== Given information ==

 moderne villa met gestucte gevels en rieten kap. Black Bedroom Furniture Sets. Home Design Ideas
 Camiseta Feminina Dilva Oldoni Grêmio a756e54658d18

===
== Given information ==

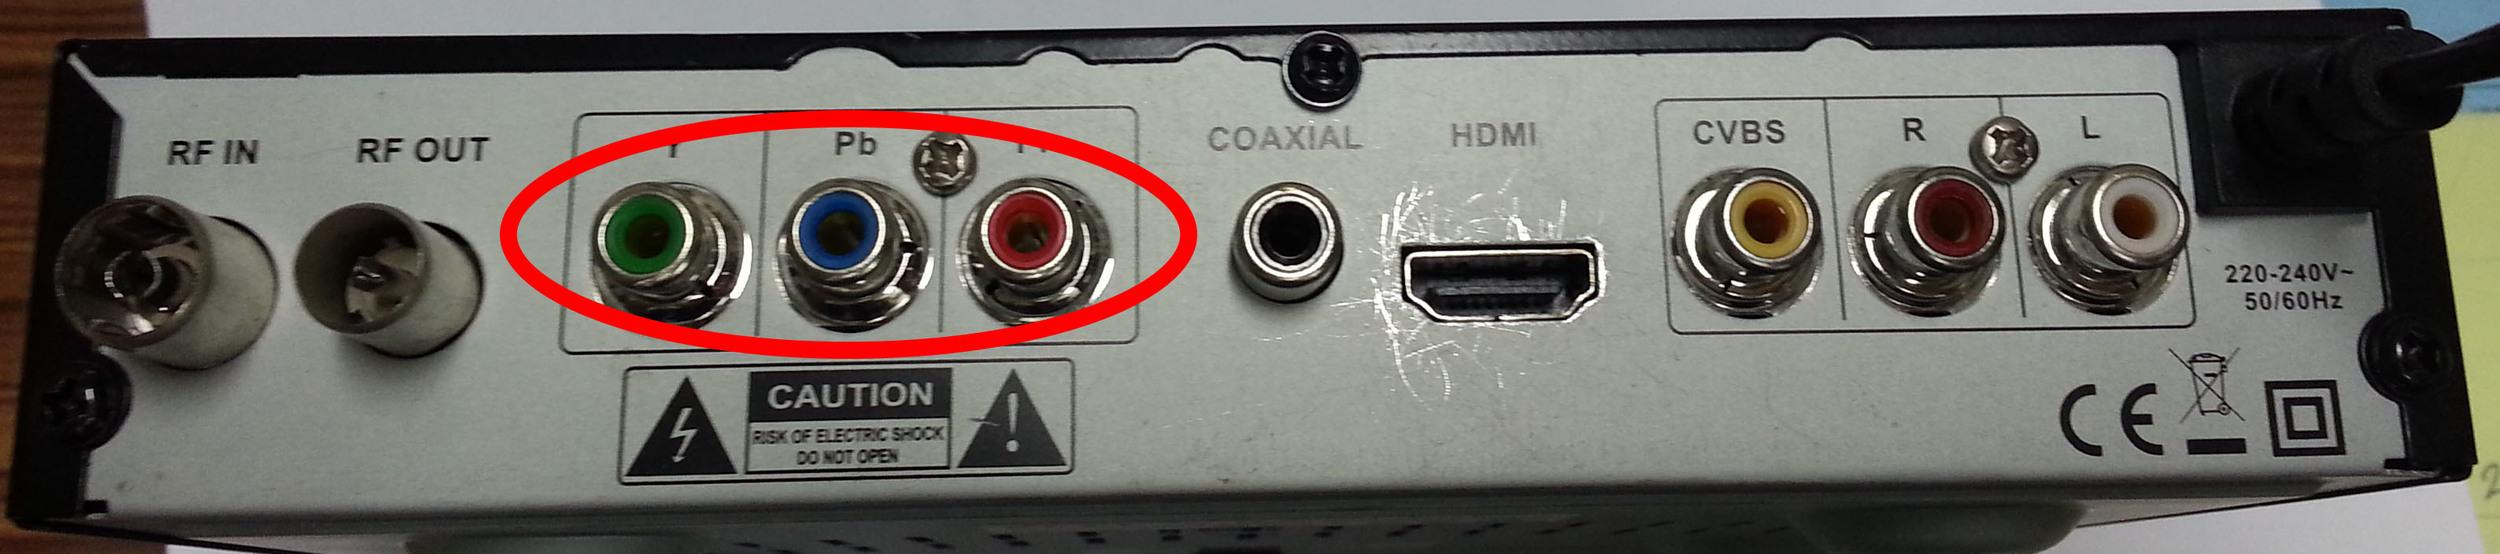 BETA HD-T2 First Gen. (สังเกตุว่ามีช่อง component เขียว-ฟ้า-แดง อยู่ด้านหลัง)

===
== Given information ==

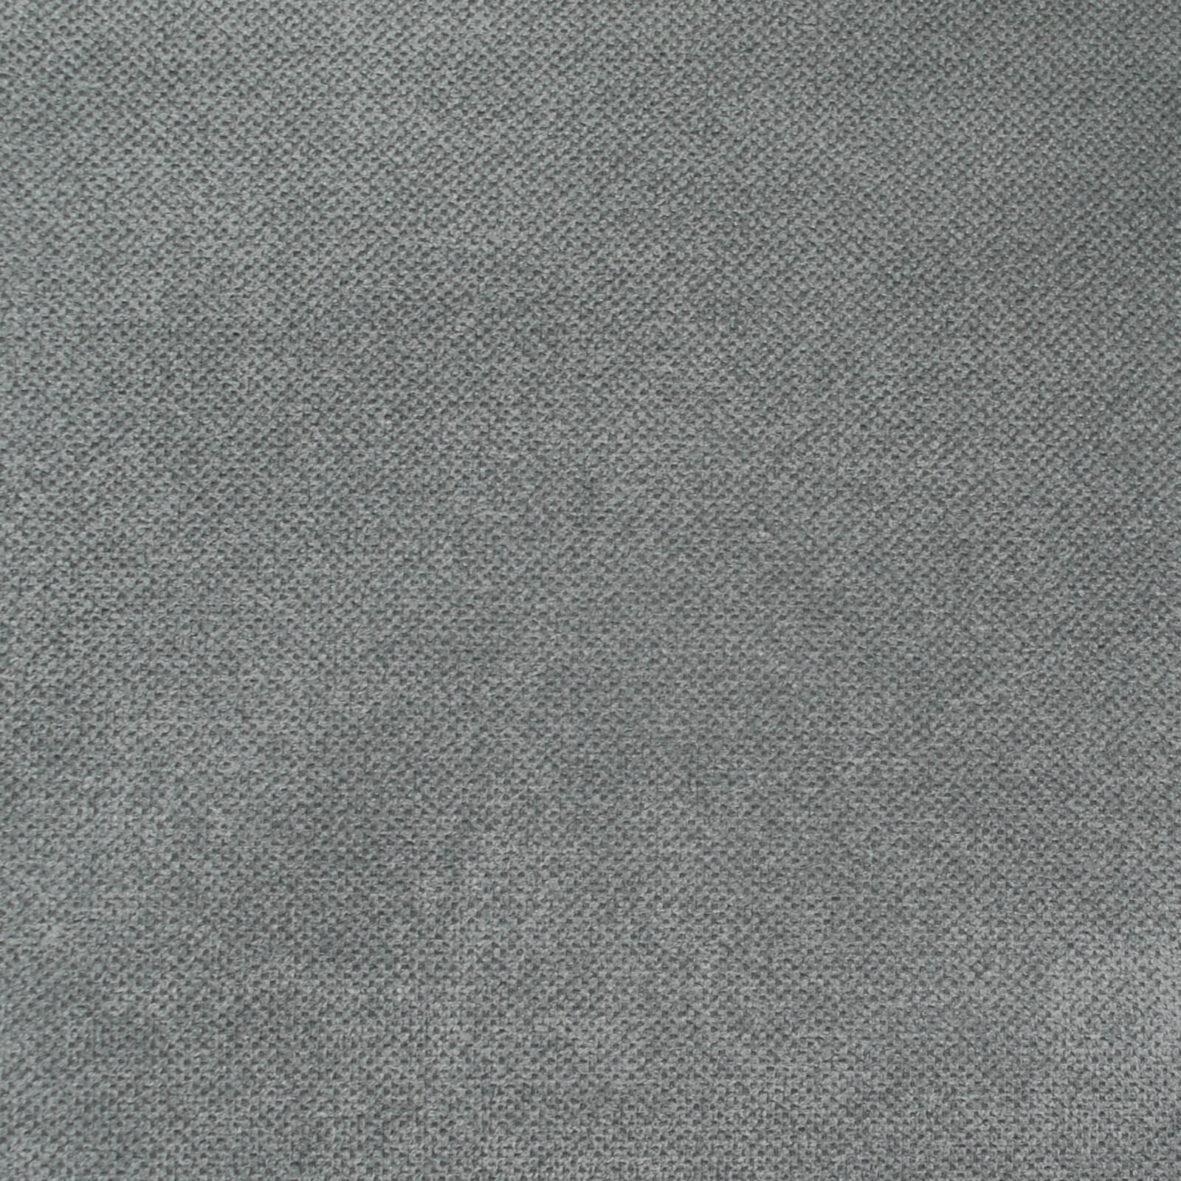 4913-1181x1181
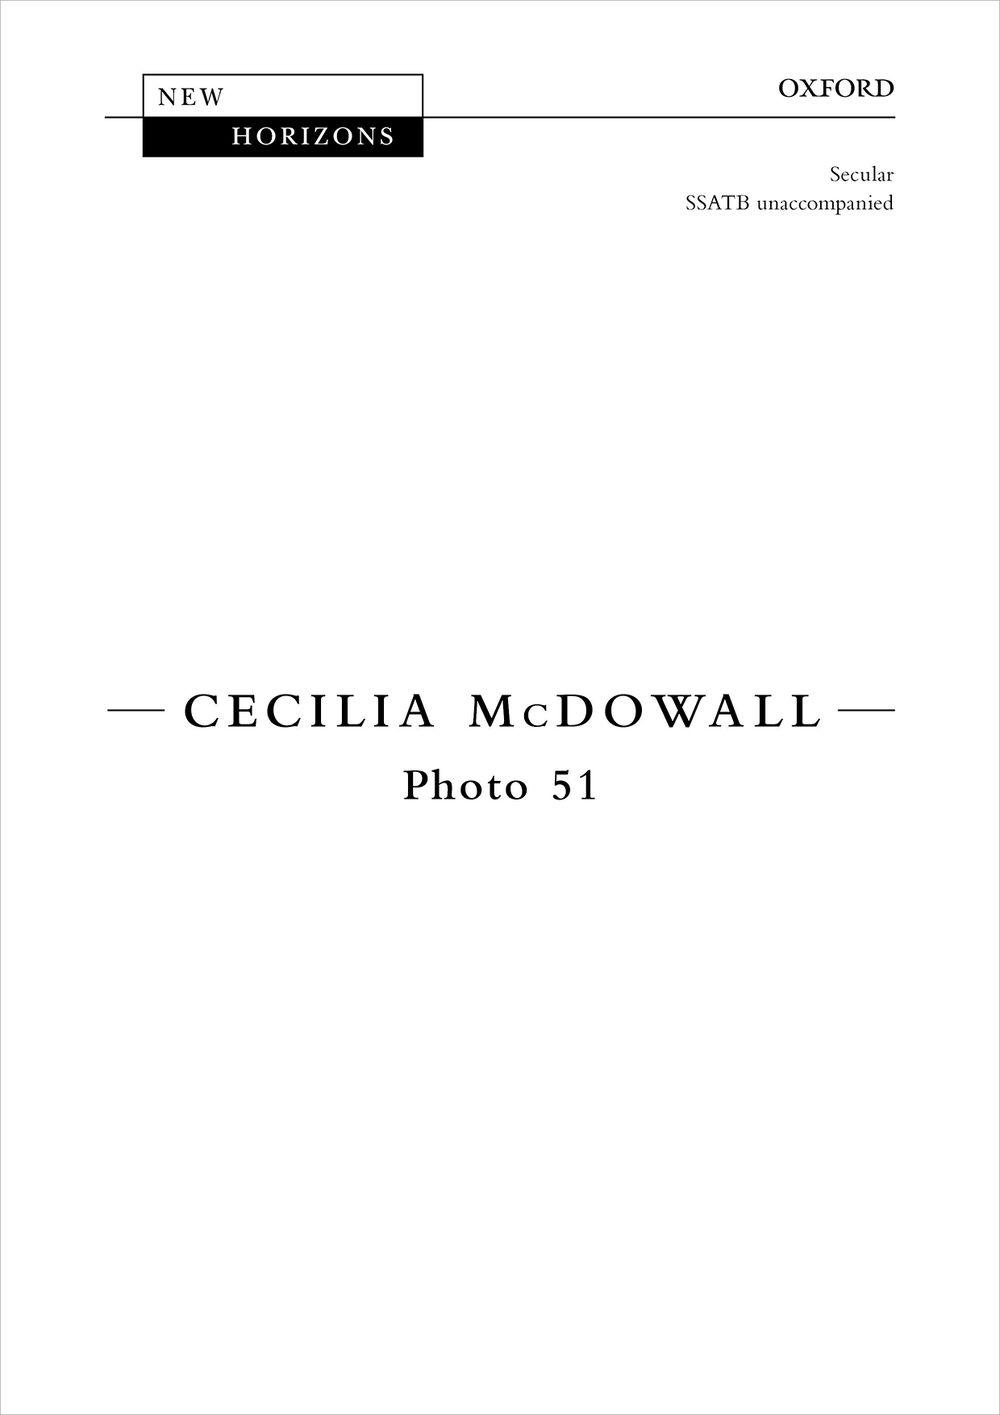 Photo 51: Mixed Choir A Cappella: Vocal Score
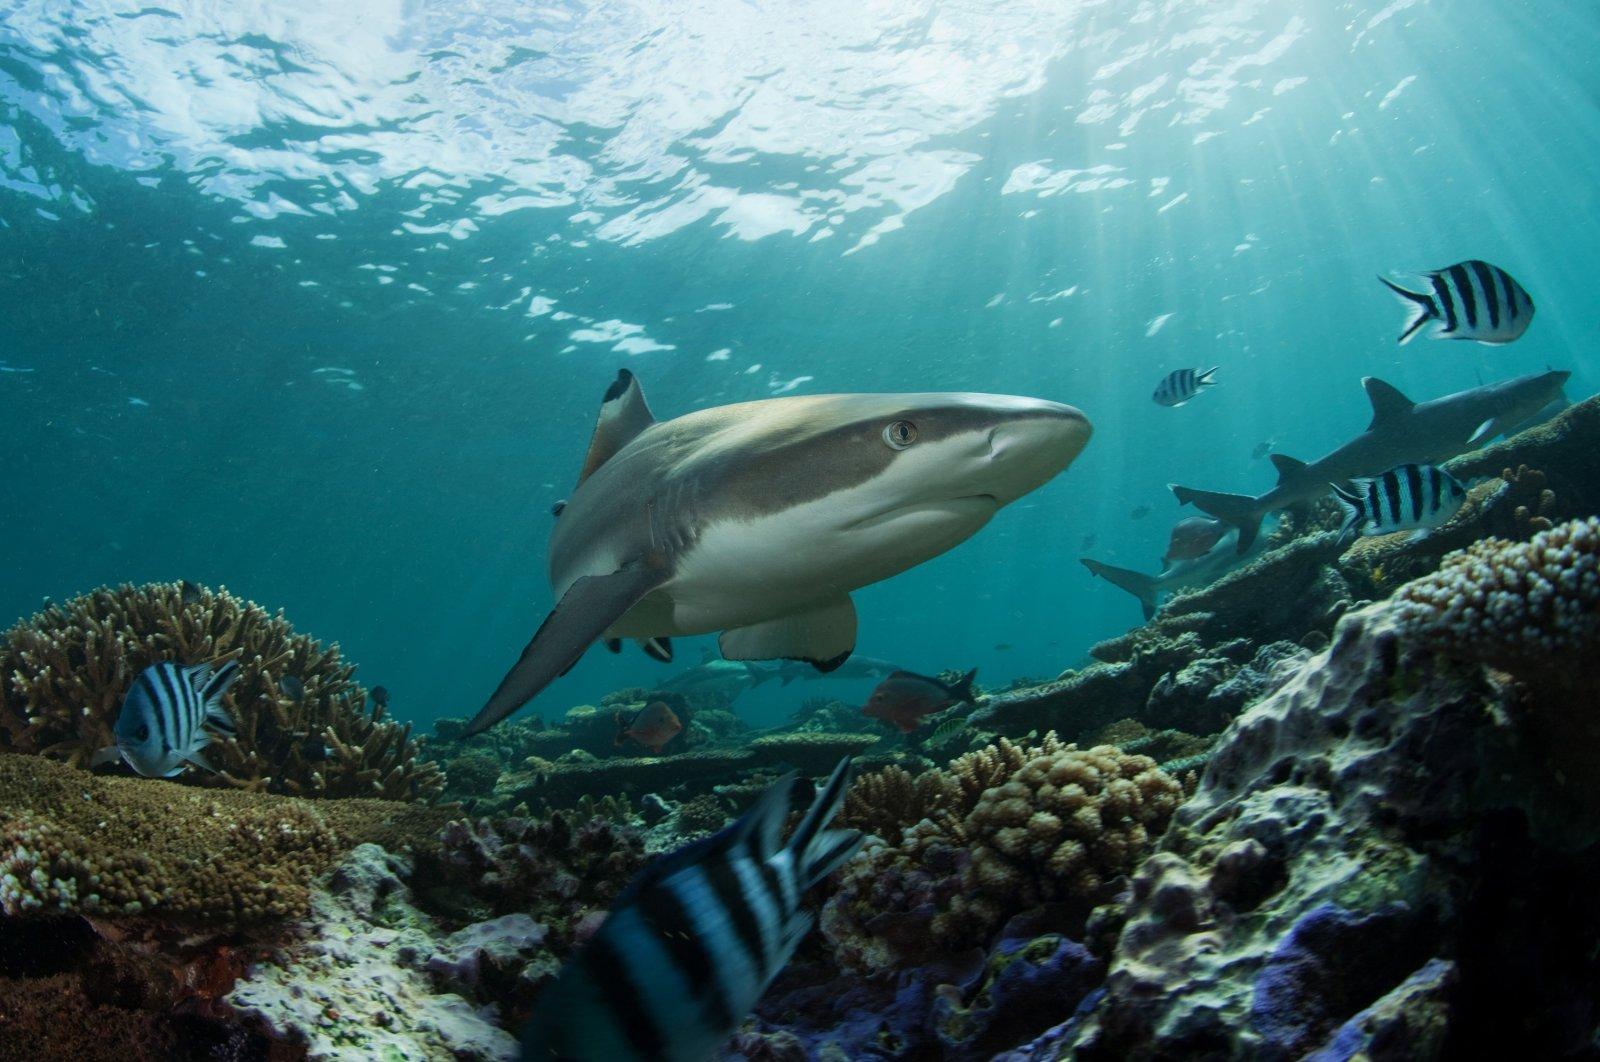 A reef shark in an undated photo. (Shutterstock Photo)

===

» Assignment:
Between and including the line above that contains "Photo 51: Mixed" and the line that contains "A reef shark", restate every line word for word. Pictures stay out.

» Response to the exercise:
 Photo 51: Mixed Choir A Cappella: Vocal Score
 A reef shark in an undated photo. (Shutterstock Photo)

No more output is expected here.